Supplied records:
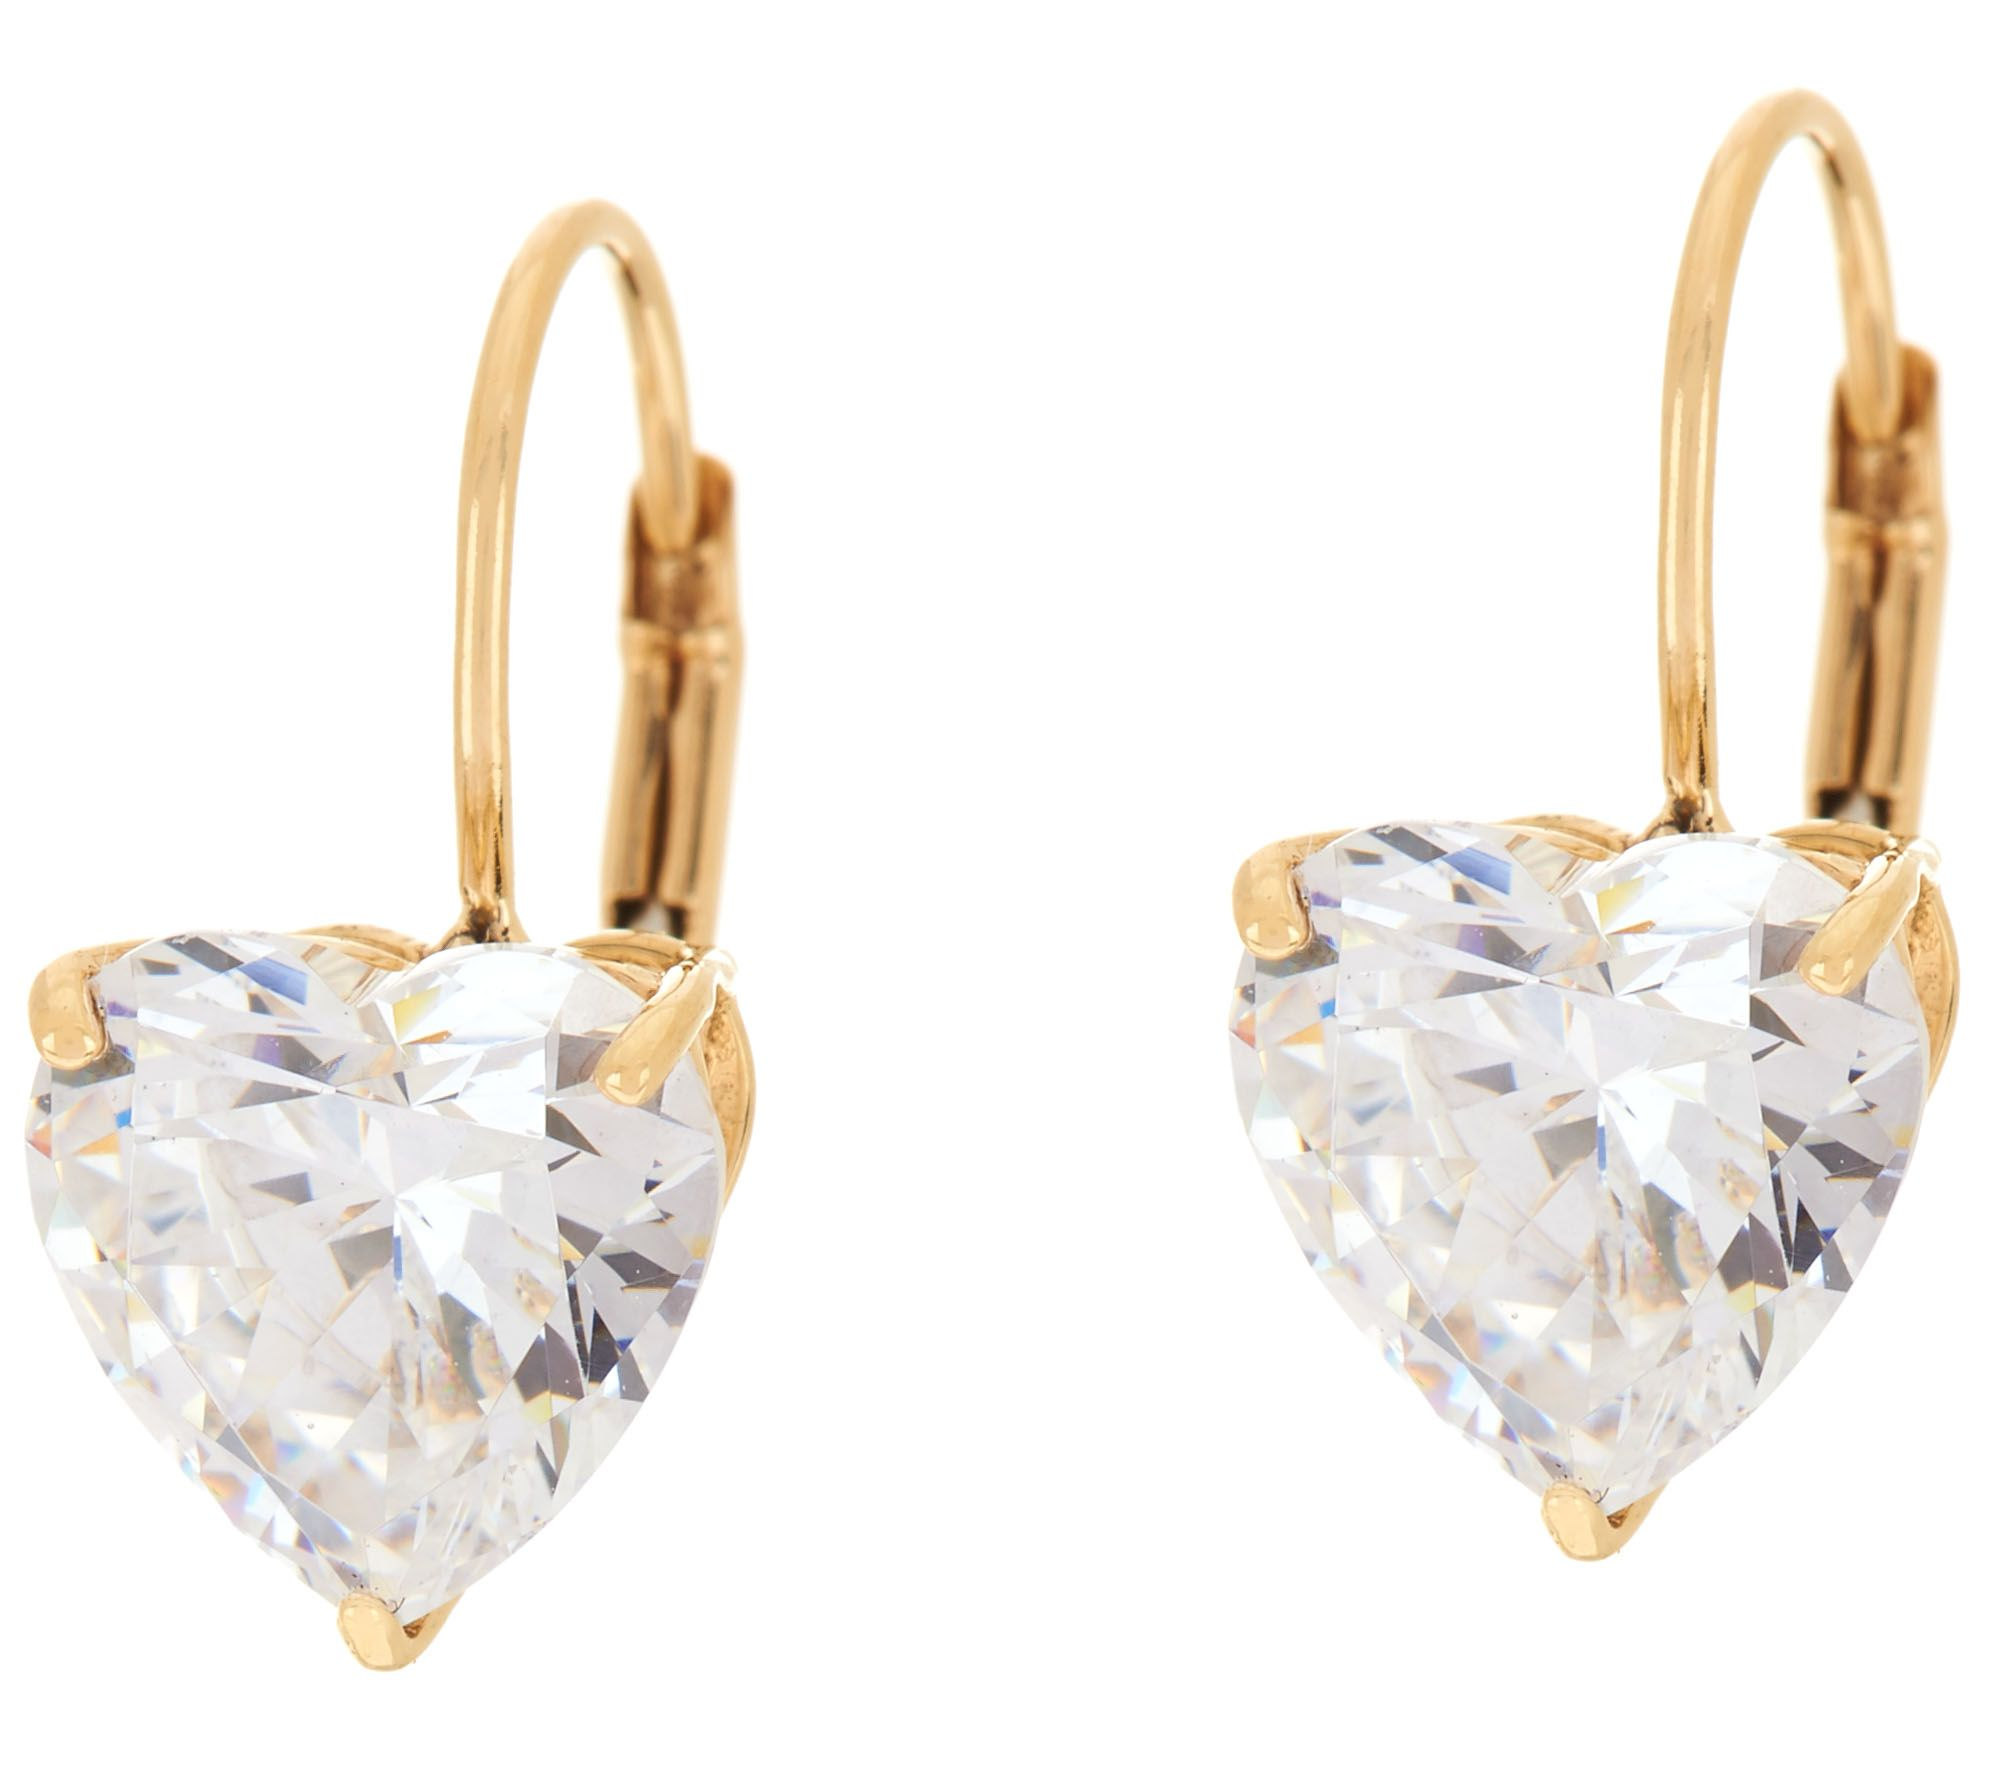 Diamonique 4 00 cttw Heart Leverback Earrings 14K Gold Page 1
--
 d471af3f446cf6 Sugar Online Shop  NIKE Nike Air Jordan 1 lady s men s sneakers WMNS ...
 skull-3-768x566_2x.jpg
---
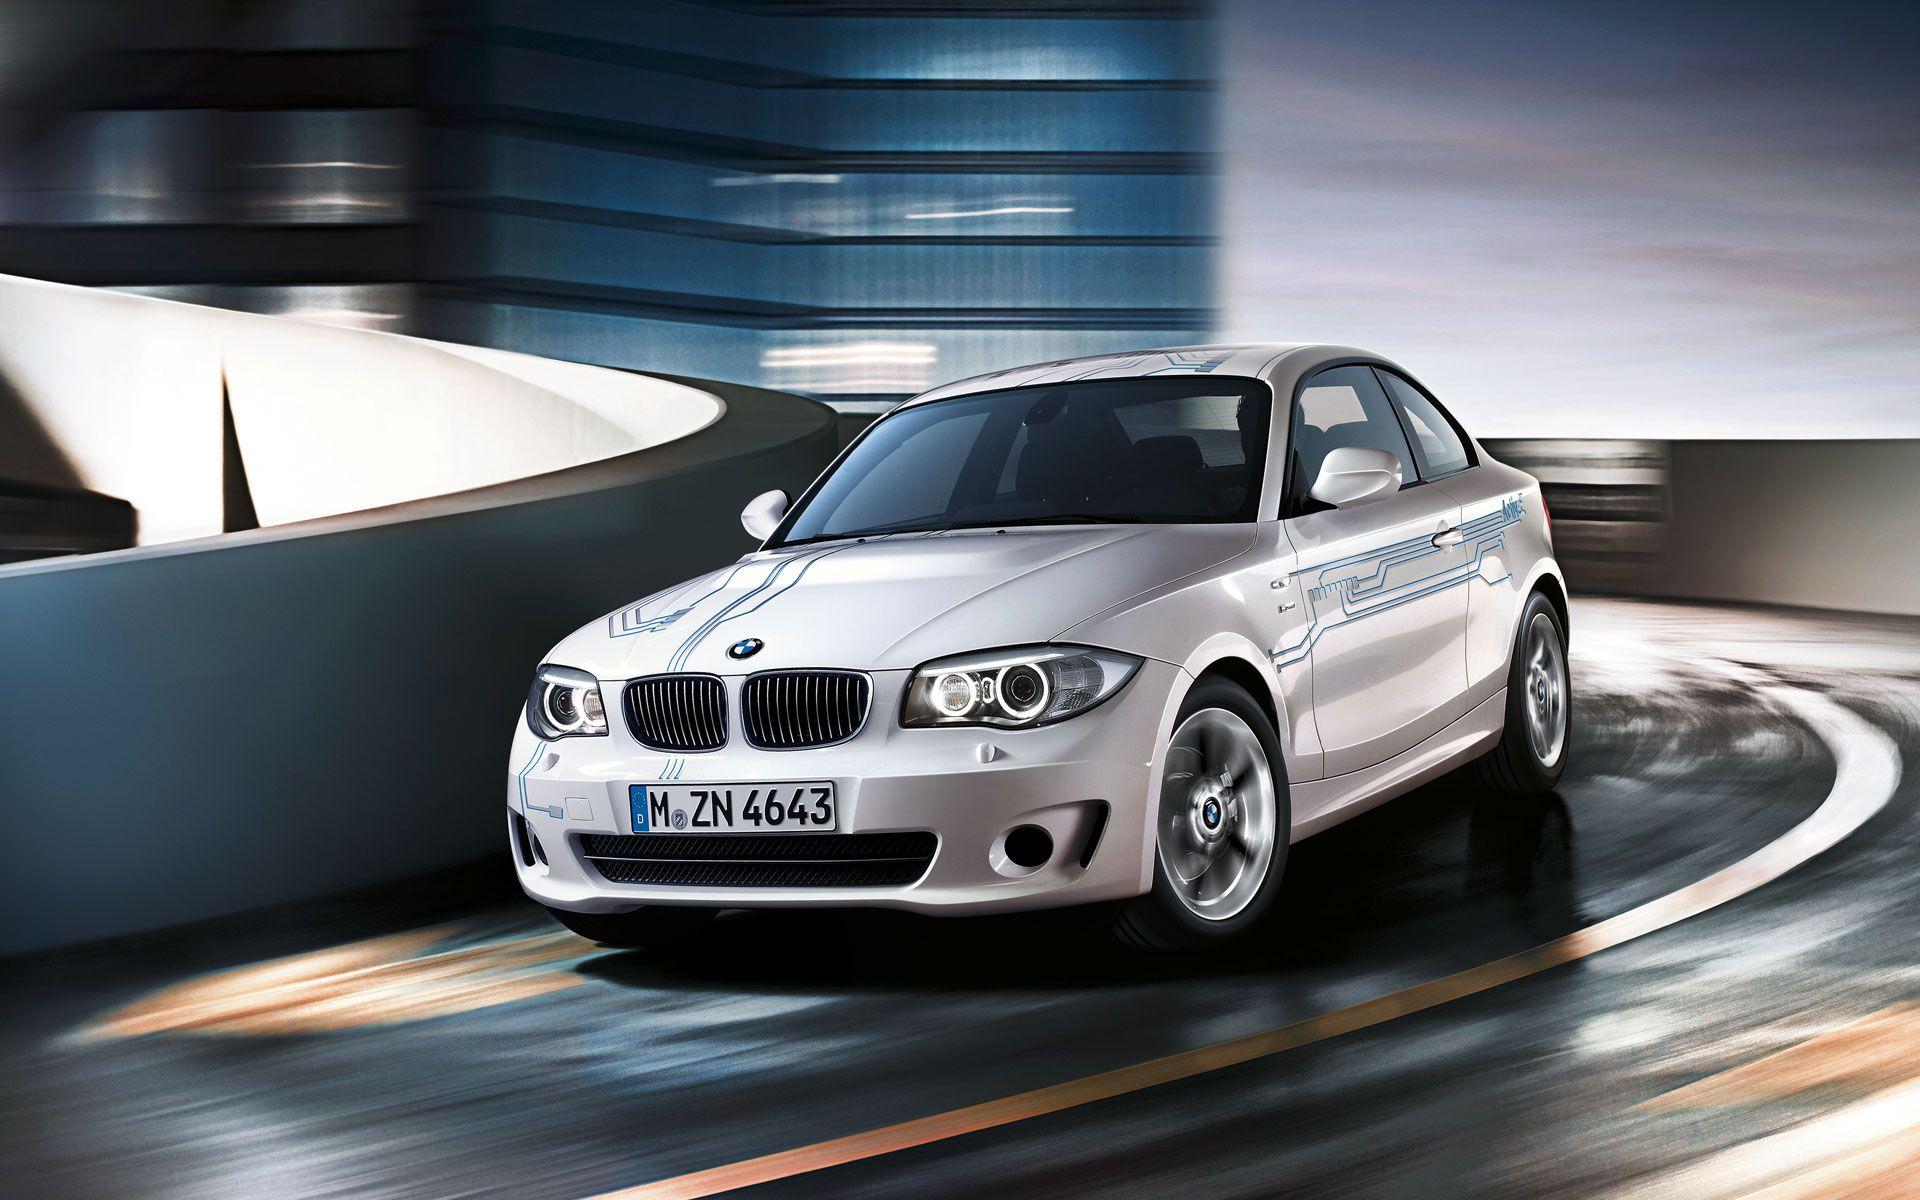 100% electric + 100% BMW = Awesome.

What you need to do: Only the lines above from the one with "d471af3f446cf6 Sugar Online" up to and including the one with "skull-3-768x566_2x.jpg" should be repeated, exactly as written.

Task solution:
 d471af3f446cf6 Sugar Online Shop  NIKE Nike Air Jordan 1 lady s men s sneakers WMNS ...
 skull-3-768x566_2x.jpg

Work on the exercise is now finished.